I remember, August 25, after the storm passed west and once it was safe to go out of the house, driving around the neighborhood, mostly on peoples's lawns, since the streets were all blocked by debris. I almost got lost in my own neighborhood, it looked so different. The traffic lights weren't just not working, they were blown away, no one knew where they were, even. Almost every house had structural damage, but most were still standing. Not all, several were completely demolished. There were fish, peacock bass, finning in puddles alongside the road.
But the point is, for days we were on our own, no phones to call cops or ambulances, they couldn't come even if you'd gotten hold of them, the streets were all blocked with trees and debris. No communications at all, no way to buy food, gas, any kinds of supplies, no nothing. We didn't even know how far away the area was devastated, but we assumed it was far.
I'd grown up hearing that hurricane preparation meant having food and other kinds of supplies on hand for 5 days or more, so luckily we had plenty of food and a Coleman stove with a gallon of gas to power it. And we were armed.
My feelings about NOLA. The city and the state knew this flooding would happen in the case of a strong hurricane strike, but neither prepared for it anyway, sometimes I guess it's hard to allocate funds for future catasphrophes that not everyone worries about. But the leadership there is culpable.
On the national level, I believe it's within constitutional bounds to send in troops to restore order in the cause of national security, which seems reasonable to me when major areas of the country are affected, as they are now, and were after Andrew.
DipSh!ts
That's funny. Ha hahahaha!
How long did they evacuate Miami for?
Yeah. That post had more completely-wrong statements than any I've seen on FR.

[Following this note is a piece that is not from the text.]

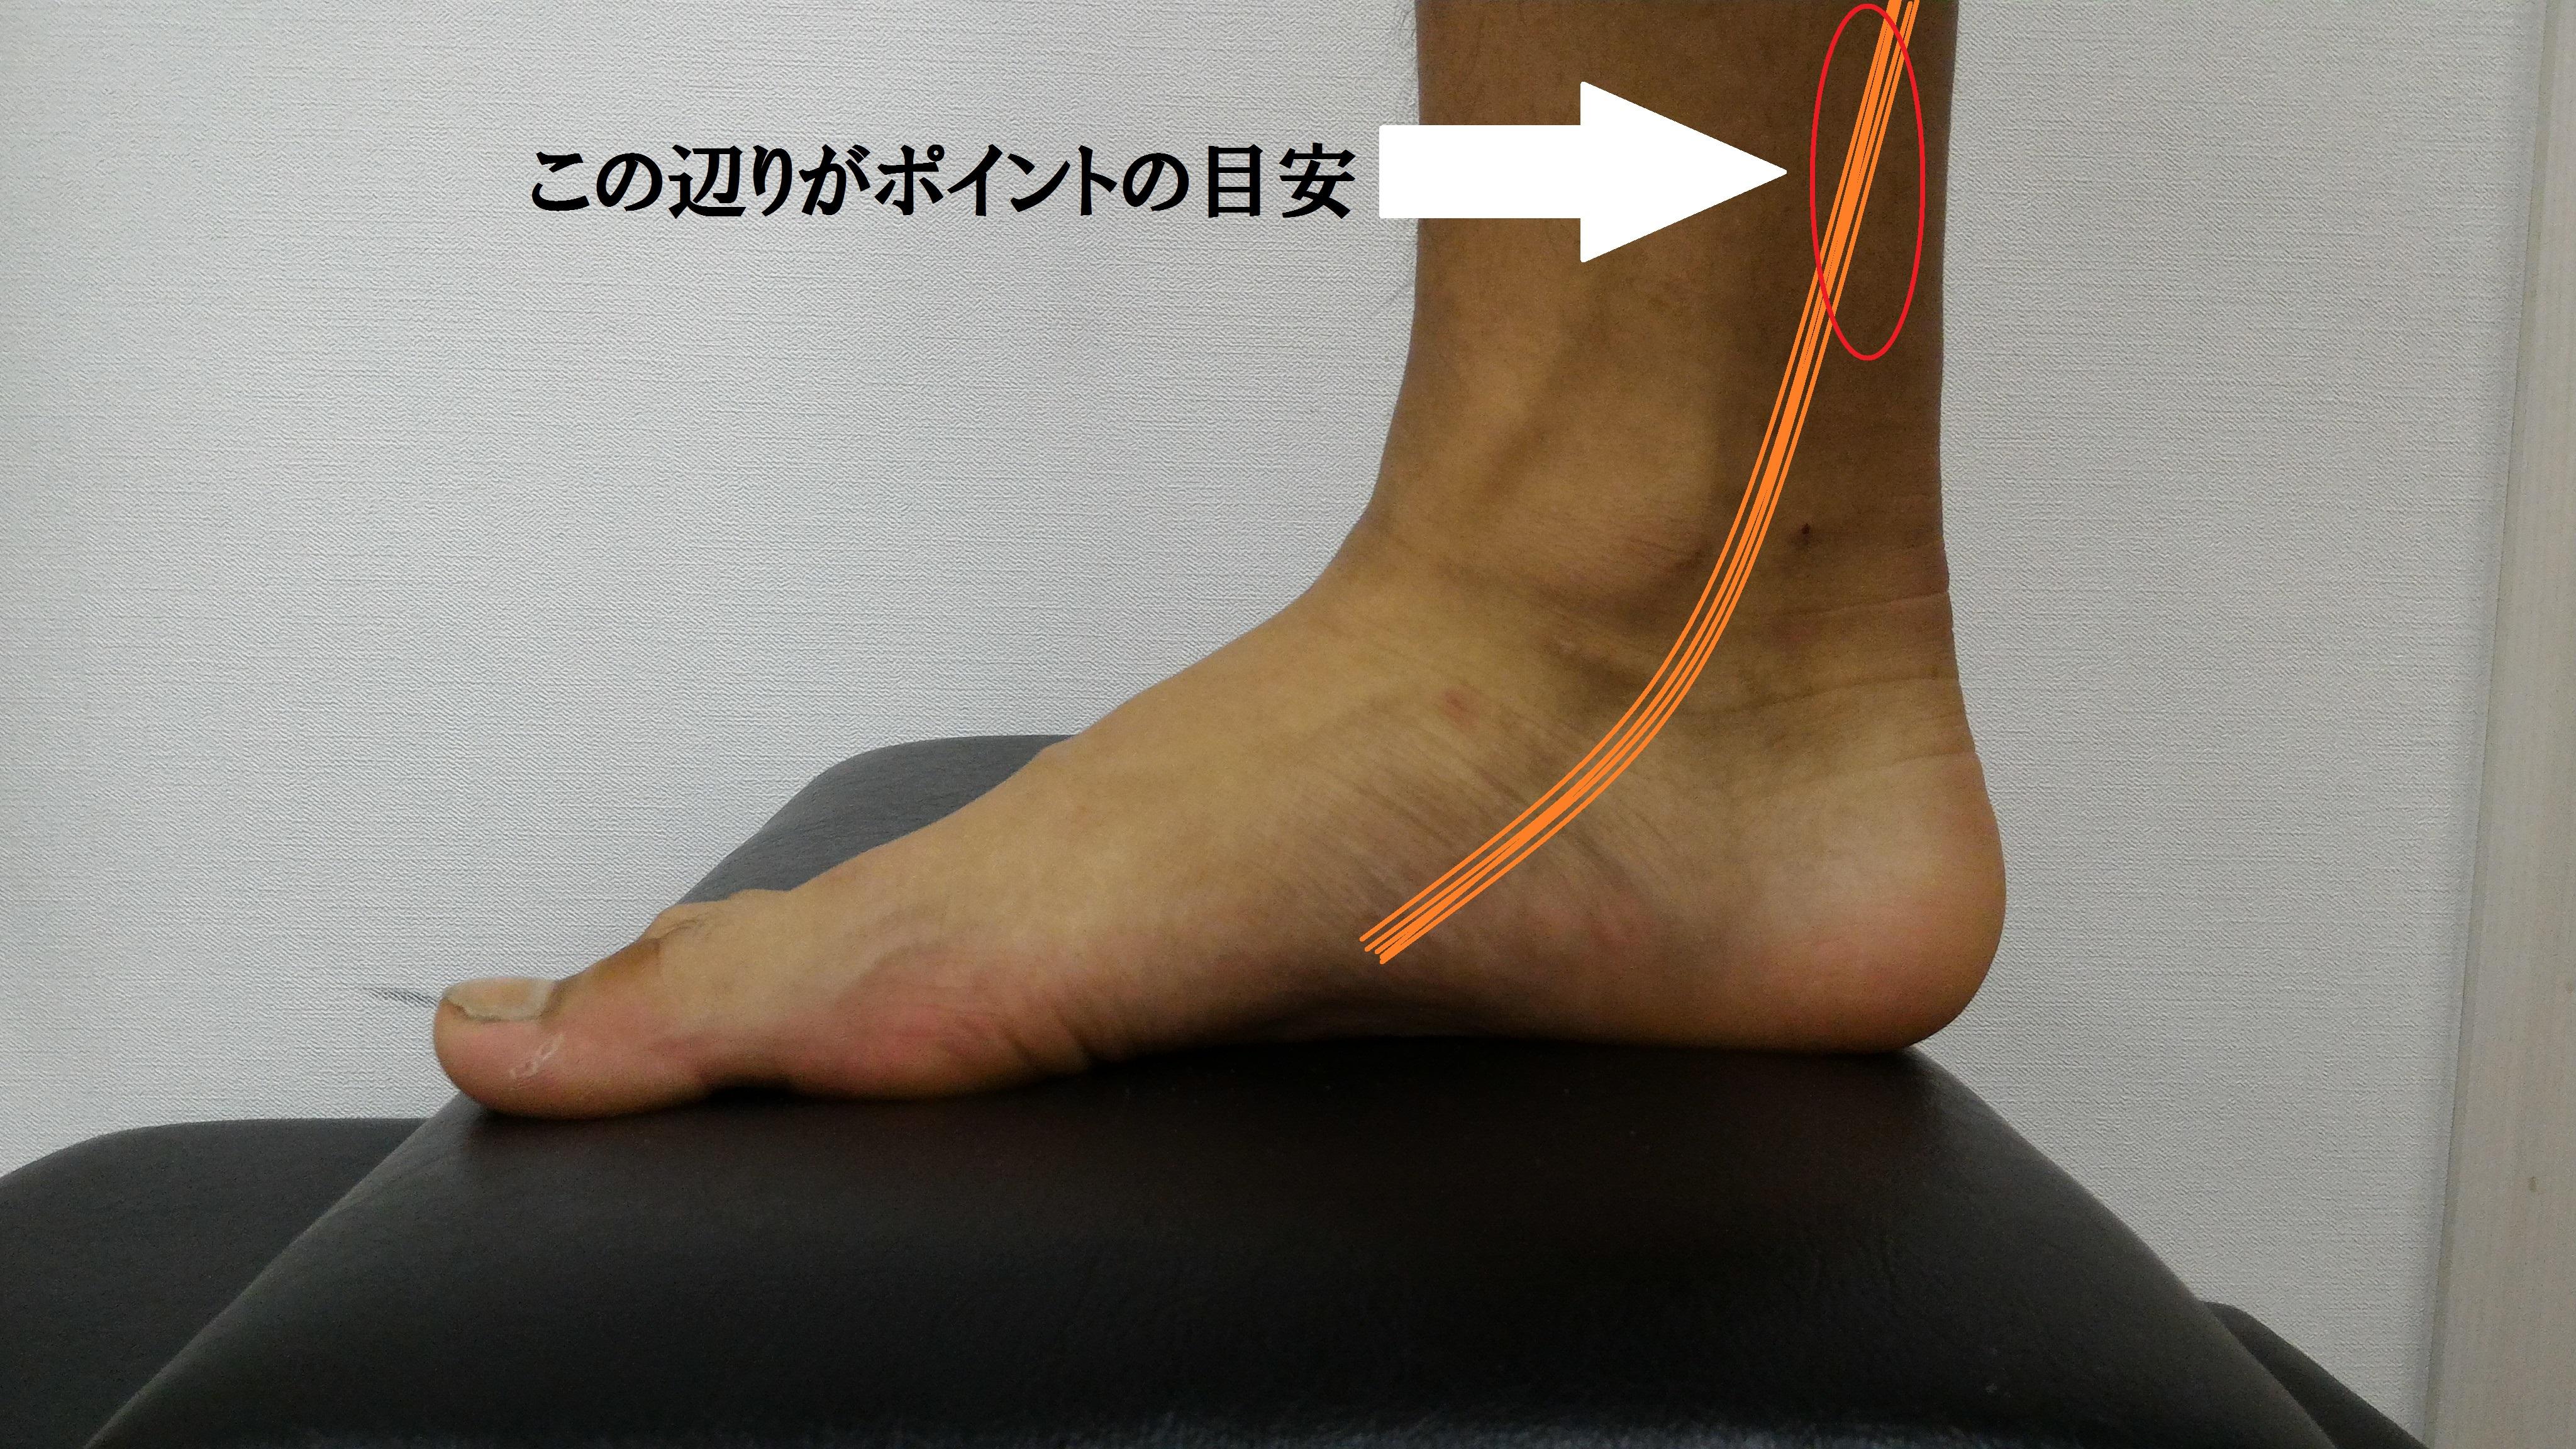 後脛骨筋のポイント

The point that continues to be overlooked in all of this is that there were fifty miles of people who needed help between the staging areas and New Orleans. You could hardly expect the first rescuers to drive right by those in trouble simply so they could get to N.O. and be seen by the TV cameras. Imagine the outcry if they had.
And here's an example of how wide-spread and efficient that effort has been: The request for swiftwater rescue teams from CALIFORNIA came in on Wednesday, less than 24 hours after the levees broke.
Gitmo may have meant that the winds were stronger in Miami, which is apparently true.
Of course the situation in NOLA, completely flooded, is considerably worse than Miami in terms of human suffering.
I wasn't the one who said Miami was worse. I was refuting every sentence in that post by america-rules. He said Miami was worse. I responded with "How many thousands were killed in Homestead? And how deep was the water a week later?"
OK, right, I checked it out, the post you refuted by america-Rules is off the wall on the face of it. The death toll from Andrew was amazingly small, maybe less than 50, including the aftermath? My apologies.
I'm not looking forward to finding out these details RE Katrina.
What will be interesting will be the studies of those who survived the storm but not the city. And compare those to people who got themselves out. Like these people.
Thanks for that story. Some folks don't realize that civilization is a fragile construct, made possible in a free country by the character of the citizens, in a totalitarian country by their fear.
It's time for some fear in NO.
How long did it take Lawton Childs to reqest Fed assistance, then when did FEMA show up.
I have a feeling the same thing is in play here with the liberal party.
Different kind of people though (mixed white, black, hispanic), we didn't complain all THAT much, and we took law and order into our own hands..
A much belated THANK YOU from a local resident of Cutler Ridge, at the time. You guys were GREAT and sure made us ALL feel a TON better. I will never forget that.